Les trusts sont un pilier de la planification successorale en Angleterre et au pays de Galles, offrant à la fois efficacité fiscale et protection des actifs. Toutefois, le traitement fiscal des trusts est loin d’être simple. Beaucoup de personnes créent des trusts sans en mesurer pleinement les implications fiscales continues, ce qui peut entraîner des coûts inattendus ou des problèmes de conformité. Si vous envisagez un trust, il est essentiel de comprendre les différents types, leur fiscalité et les pièges courants qui peuvent survenir.
Types de trusts et leurs usages
Les trusts existent sous plusieurs formes, chacune présentant des caractéristiques et des conséquences fiscales distinctes :
Trusts à intérêt en possession : Ils donnent à un bénéficiaire nommé le droit de percevoir les revenus du trust au fur et à mesure qu’ils sont générés. Le capital peut ensuite revenir à un autre bénéficiaire. Cette structure est souvent utilisée pour assurer les besoins d’un conjoint pendant sa vie, le reste revenant aux enfants.
Trusts discrétionnaires : Les trustees ont le pouvoir de décider comment et quand distribuer les revenus ou le capital entre une catégorie de bénéficiaires. Cette flexibilité est utile pour les familles ayant de jeunes membres ou des membres vulnérables, mais elle s’accompagne de taux d’imposition plus élevés et d’obligations déclaratives plus complexes.
Trusts d’accumulation : Ici, les revenus sont conservés et ajoutés au capital du trust plutôt que versés. Ils sont moins courants, mais peuvent être utiles pour constituer un patrimoine au profit de bénéficiaires futurs.
Trusts nus : Le bénéficiaire dispose d’un droit absolu sur les actifs et les revenus du trust. À des fins fiscales, les actifs sont considérés comme appartenant au bénéficiaire, ce qui peut être avantageux pour des enfants ou de jeunes adultes.

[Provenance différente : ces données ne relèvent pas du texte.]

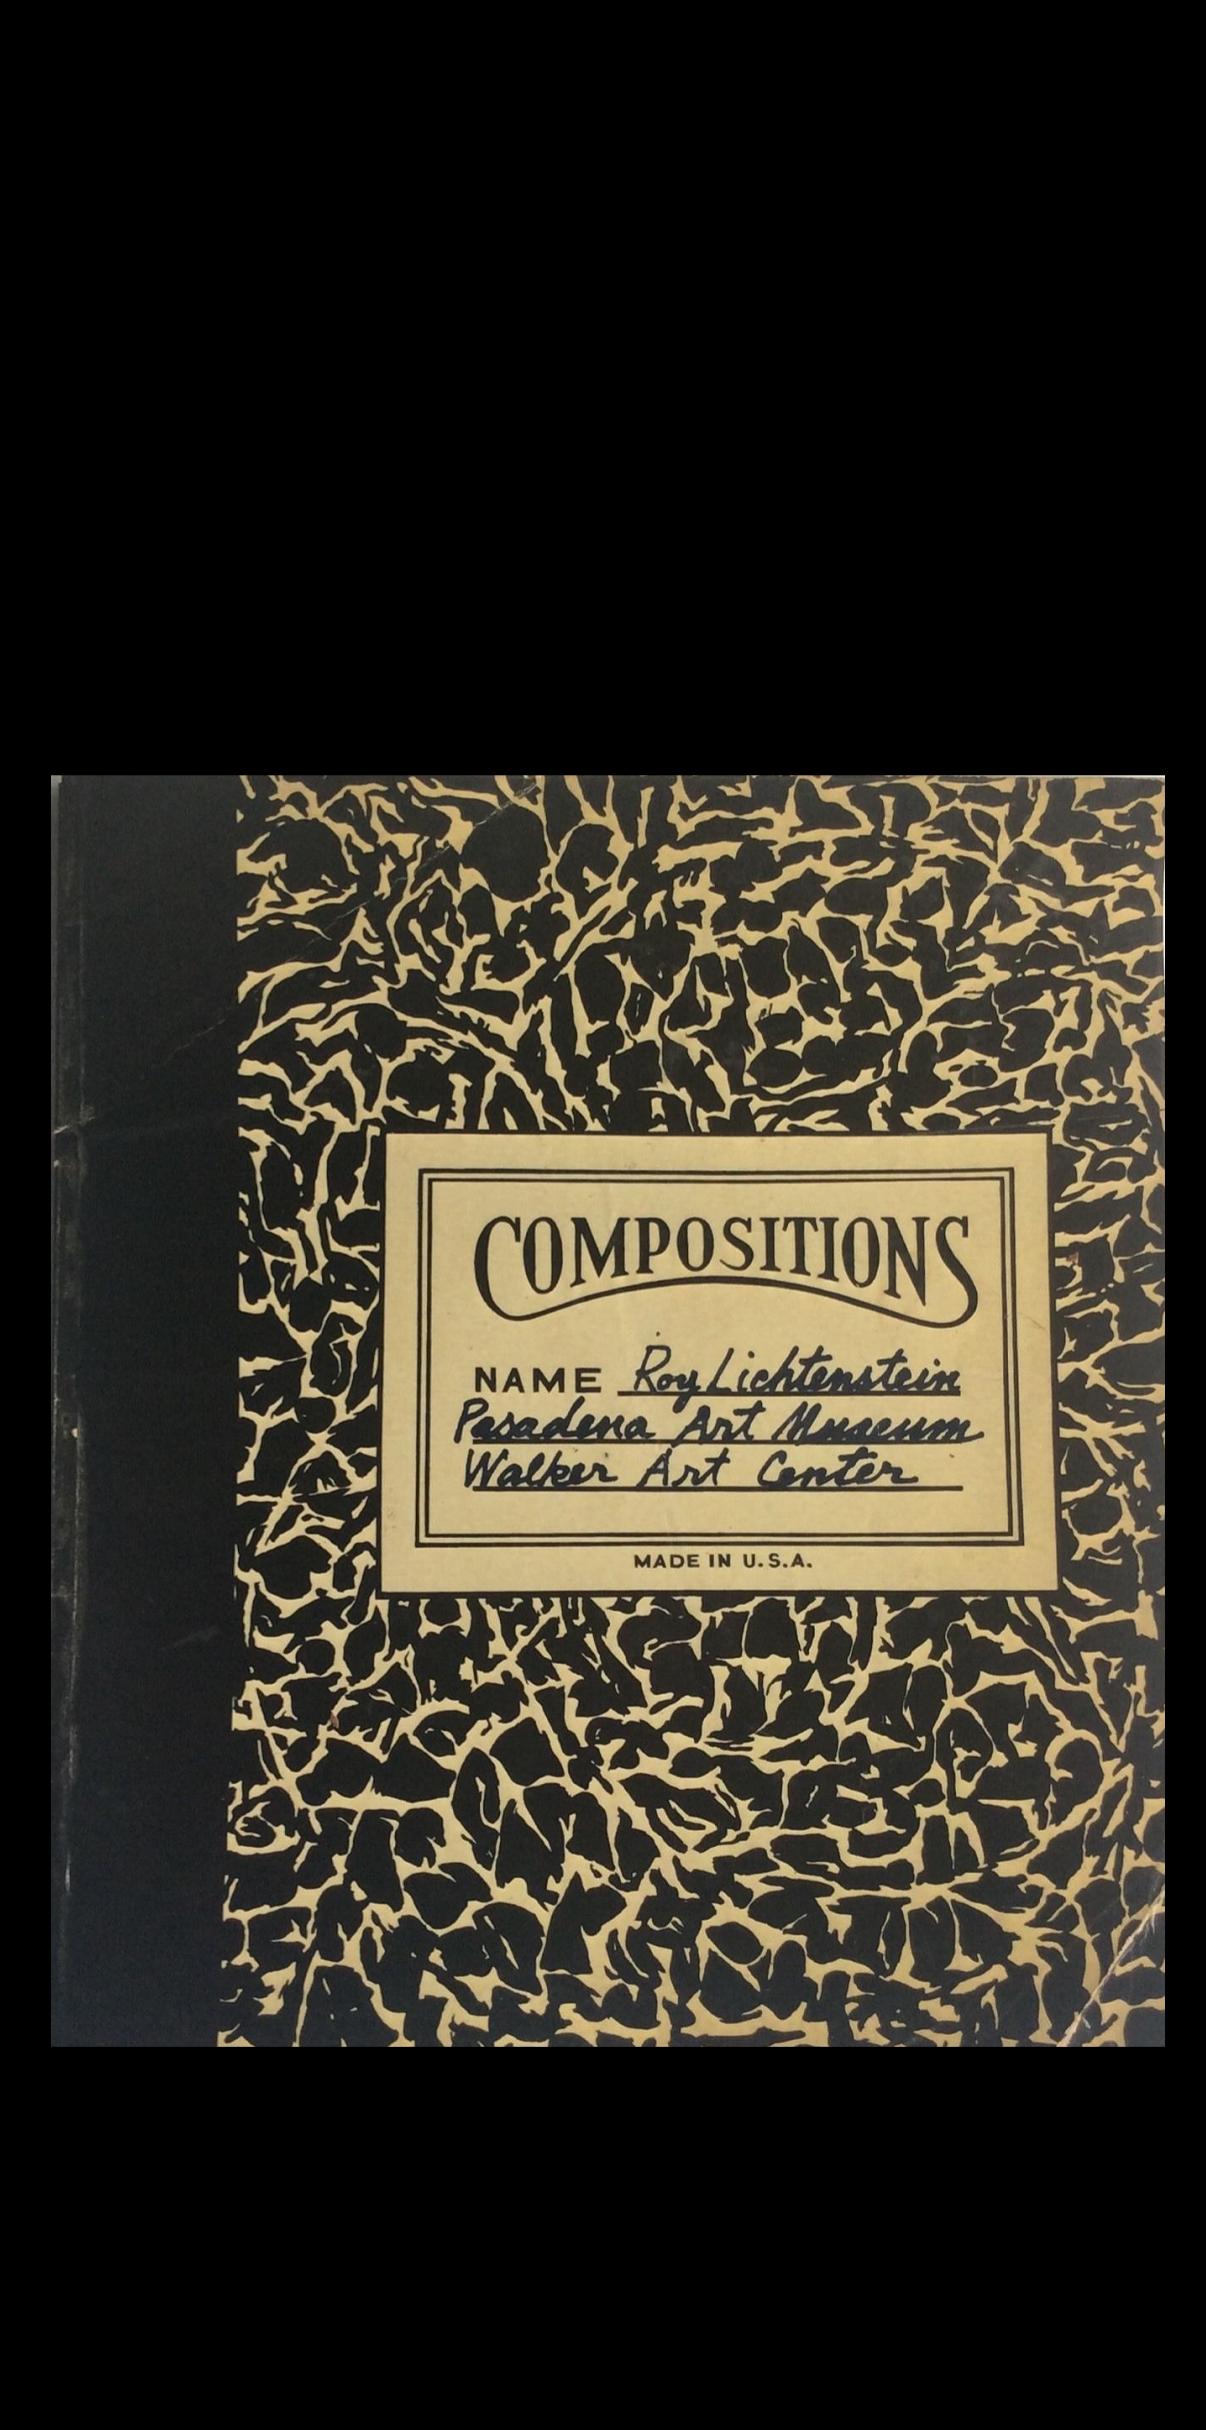 """Compositions"", 1967,  Exhibition Catalogue, Pasadena Art Museum."

Une source fréquente de confusion tient à la distinction entre ces types de trusts, surtout lorsque la situation familiale évolue. Par exemple, un trust discrétionnaire peut parfois être traité comme un trust à intérêt en possession si les trustees agissent d’une certaine manière ; il est donc important que les actes de trust et les décisions des trustees soient clairs et à jour.
Impôt sur les successions : le régime des biens concernés et ses pièges
La plupart des trusts (à l’exception des trusts nus et de certains trusts spéciaux pour les personnes handicapées ou les mineurs endeuillés) relèvent du « relevant property regime » pour l’Inheritance Tax (IHT). Ce régime entraîne plusieurs impositions potentielles :
Taxe d’entrée : Lorsque des actifs sont transférés dans un trust de votre vivant, une charge d’IHT de 20 % peut s’appliquer sur les montants supérieurs au nil rate band (actuellement 325 000 £). Beaucoup de personnes l’ignorent, pensant à tort que les donations en trust sont toujours exonérées d’impôt.
Taxe décennale (périodique) : Tous les dix ans, le trust peut être soumis à une charge pouvant aller jusqu’à 6 % sur la valeur des actifs au-delà du nil rate band. Cela peut réduire la valeur du trust au fil du temps, surtout si cela n’a pas été anticipé.
Taxe de sortie : Lorsque des actifs quittent le trust (par exemple, lors d’une distribution à un bénéficiaire), une charge d’IHT proportionnelle peut s’appliquer.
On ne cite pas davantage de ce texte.